If you've put in a number of years in your professional field, this dreaded scenario might sound familiar: You get a call or an email from a friend of a colleague, asking for a meeting with a murky agenda. Not wanting to offend your colleague, you halfheartedly agree to a brief encounter. The day arrives, and so does the feckless schmoozer. Though he still seems unsure of what he wants, he spends 45 minutes jabbering about himself and assuring you that you're ideally suited to manage his job search and maybe even offer him a job yourself.
More than ever in this job market that only a hiring manager could love, networking can be toxic. But truth be told, at some point in our careers, most of us have made some reluctant mentor's eyes roll. And while networking is a give-and-take situation, you should never let your intense yearning for a new job overtake your common sense.
It's hard to keep your cool when you've sent out 300 resumes and landed one interview. So it should come as no surprise that many of the long-term unemployed have evolved an off-putting demeanor. Some job seekers "are behaving badly, and their desperation really makes other people uncomfortable, makes them back off," says Susan RoAne, author of How to Work a Room: The Ultimate Guide to Savvy Socializing in Person and Online.
Appearing edgy, or even over the edge, perhaps by letting your financial worries trump your self-confidence, is no way to convince a networking contact to help your cause. Whether you're communicating over the phone, online or face-to-face, keep your positive attitude, your professional smile and treat each contact if they were your most important one.

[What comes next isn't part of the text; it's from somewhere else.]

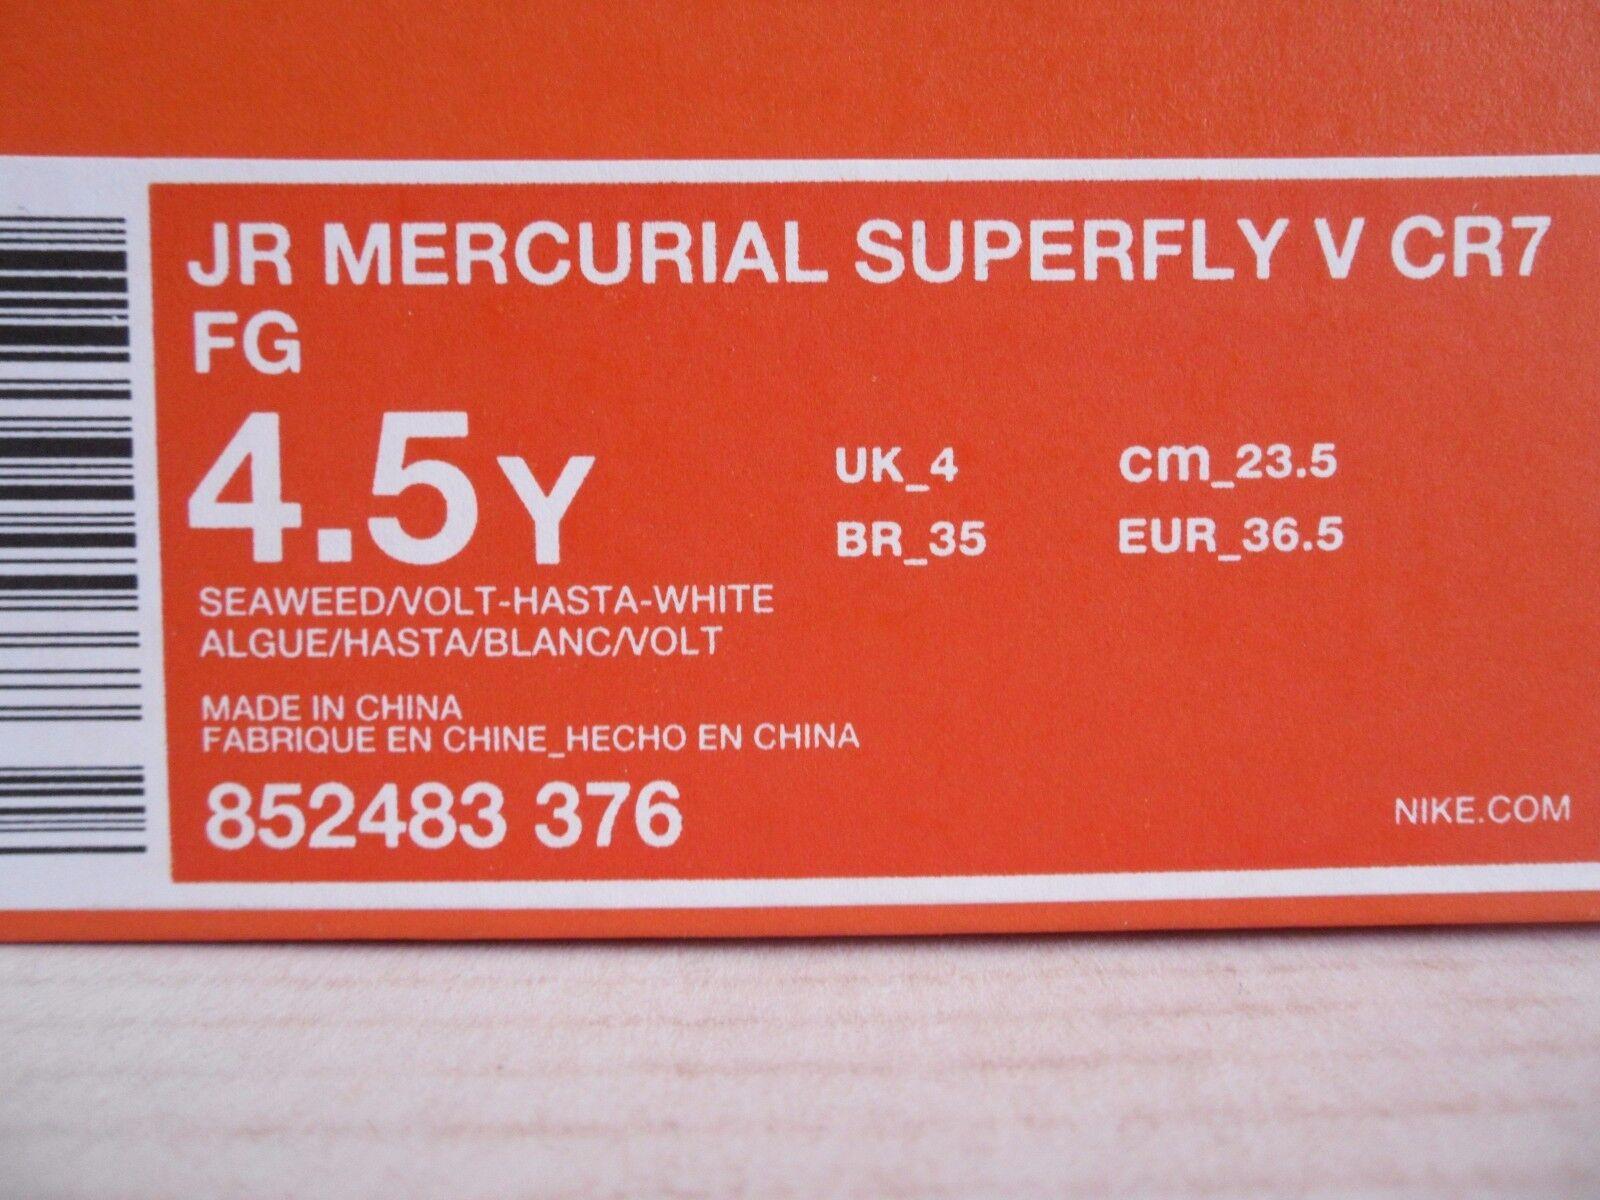 NIKE JR MERCURIAL SUPERFLY V CR7 FG SEAWEED SEAWEED SEAWEED SZ 4.5Y-WOMENS SZ 6 f665c2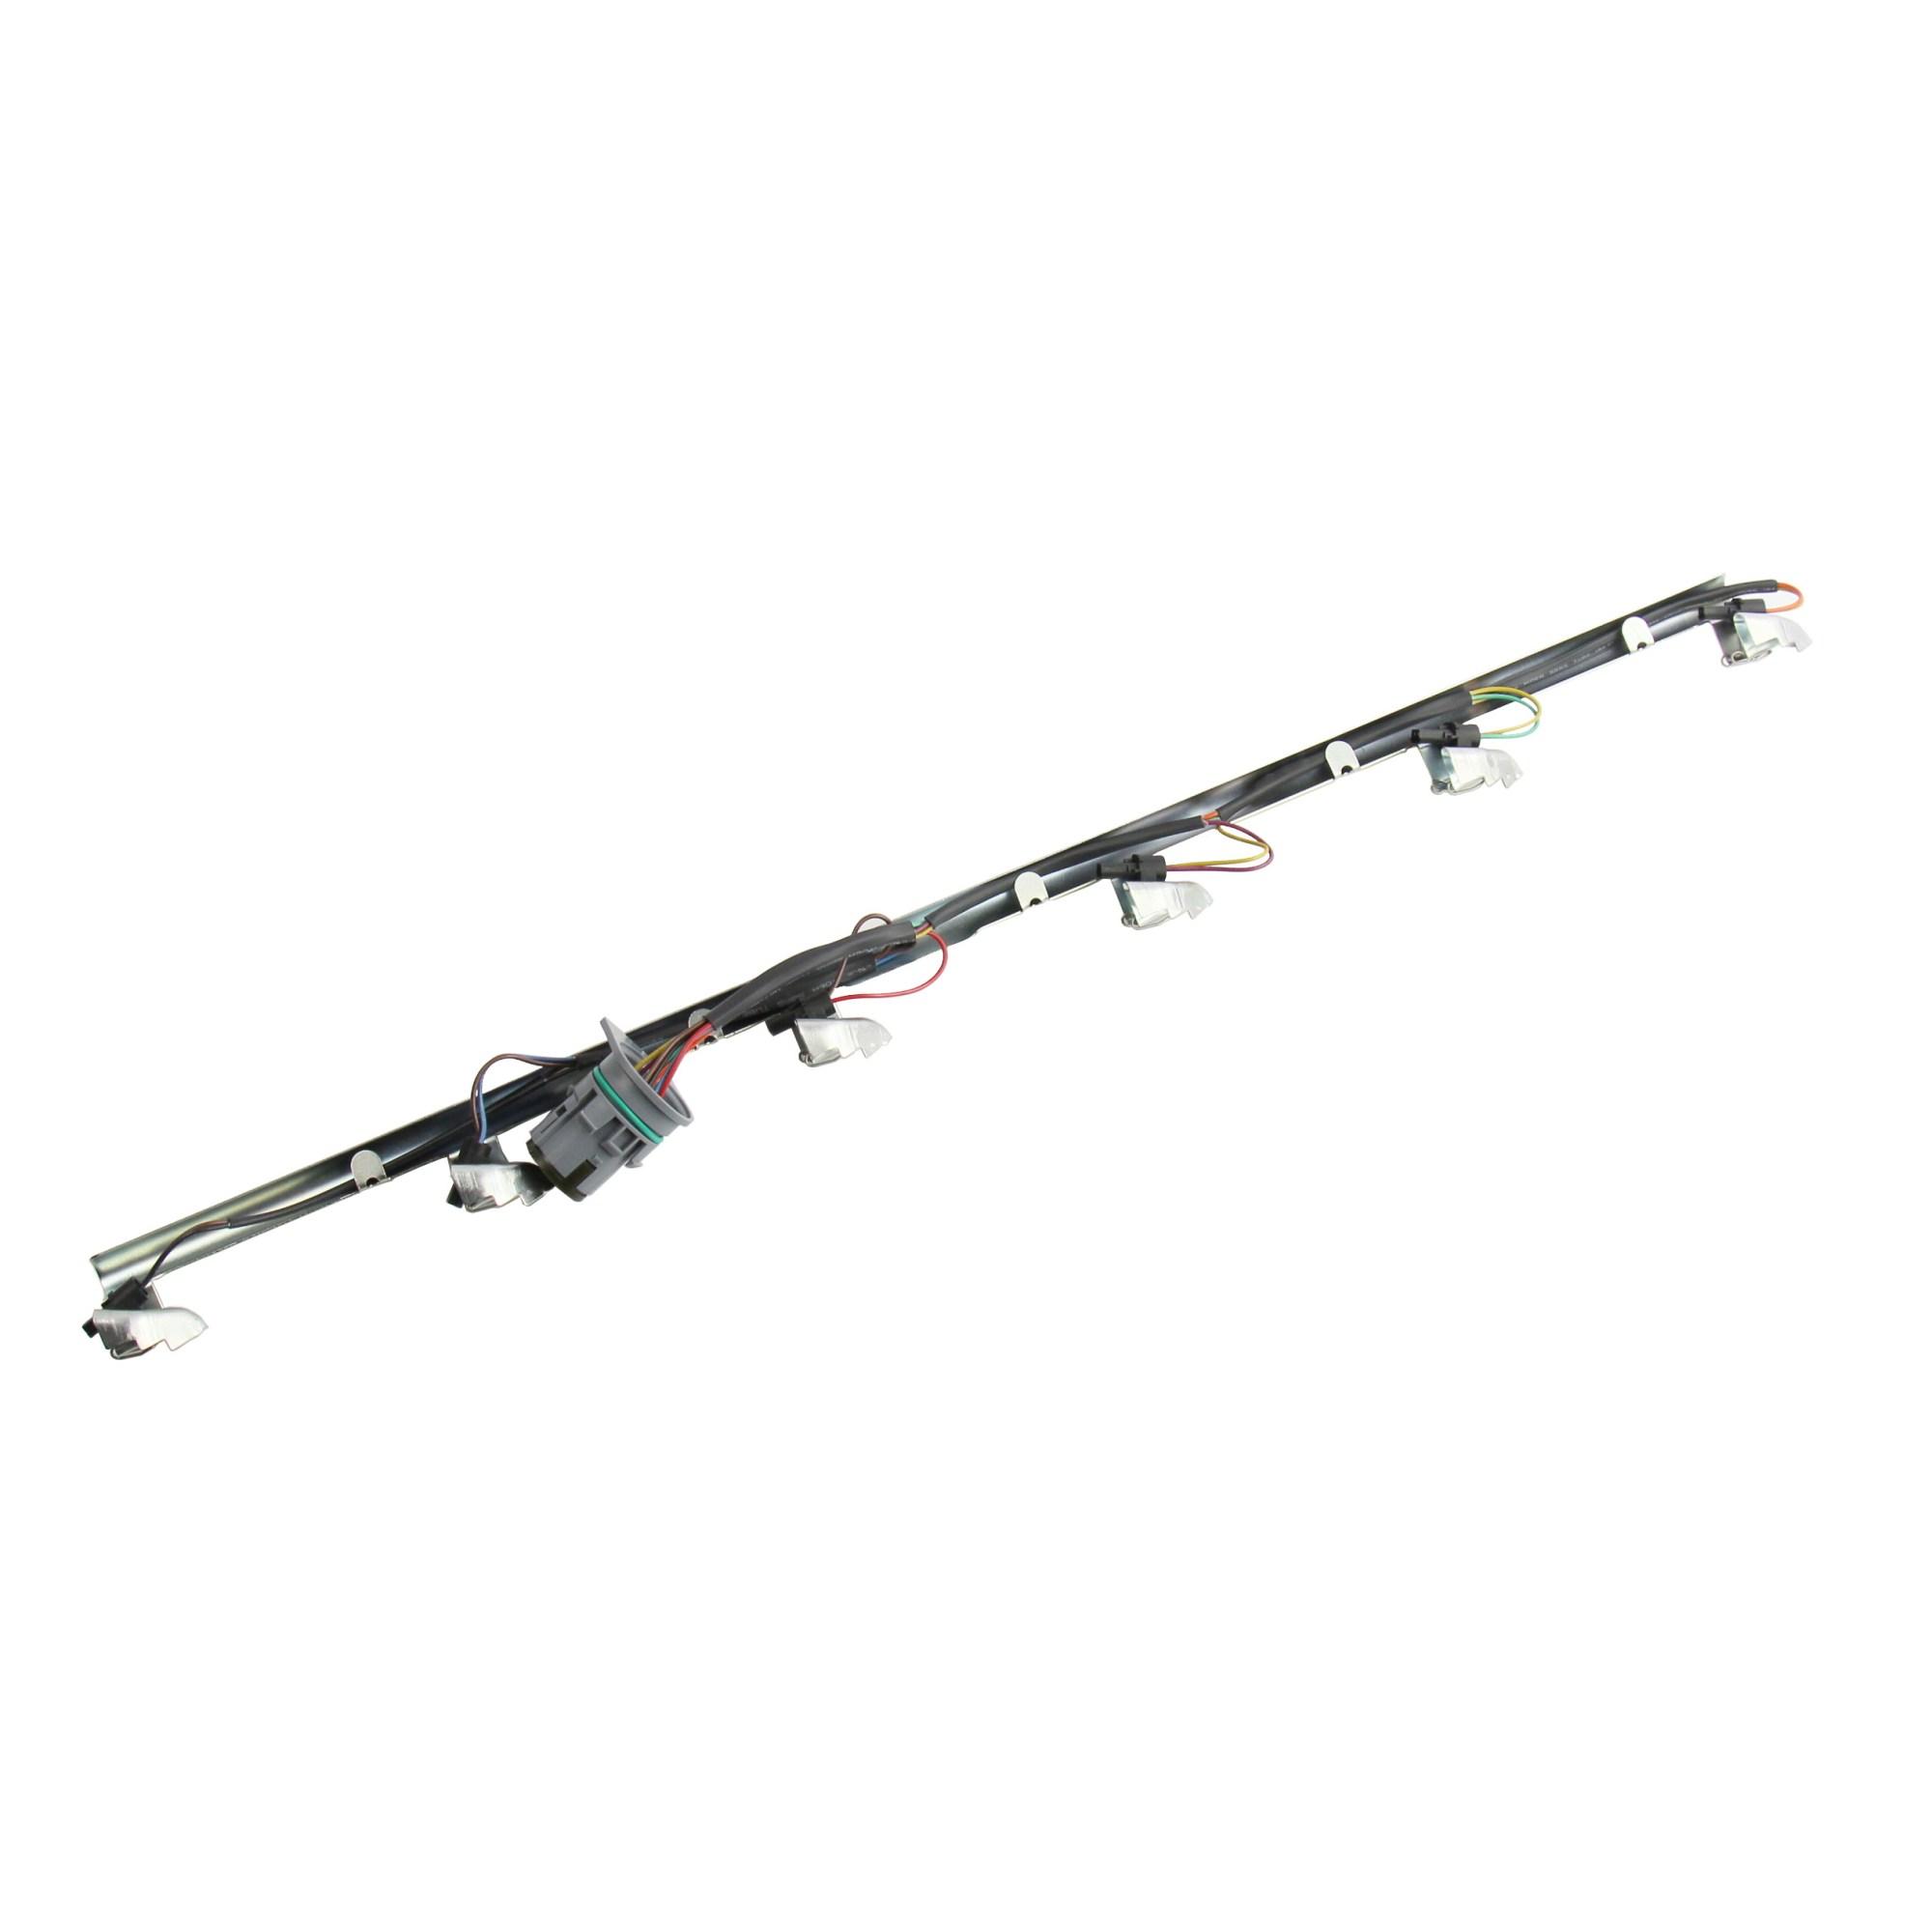 hight resolution of new injector harness for navistar international dt466 dt530 dt466e 1889905c92

The Internet is efficient, the Internet is fast, and the Internet lets you squander your political capital faster than a resume with 27 typos. Spam your contacts list with a generic request for vocational guidance, for example, and you're toast.
"With the Internet, gaffes are exponentially damaging," says RoAne. And the same goes for running down your phone list and leaving the same singsong voice message in every mailbox in town.
"The important thing is to really learn how to utilize message boards and the wider Internet to connect with the people most likely to be able to respond," says Donna Fisher, author of Professional Networking for Dummies. Invest your time wisely with specialized networking sites to help you organize your contacts, find new contacts and learn helpful hints to successful networking on the 'net. The professionals you meet online have joined these networking sites for the same reasons you have. They are looking to build professional relationships with others, so they are expecting to be contacted. It's a valuable way to make quality connections and new contacts and can be much more effective than cold calling a friend of a friend of a friend.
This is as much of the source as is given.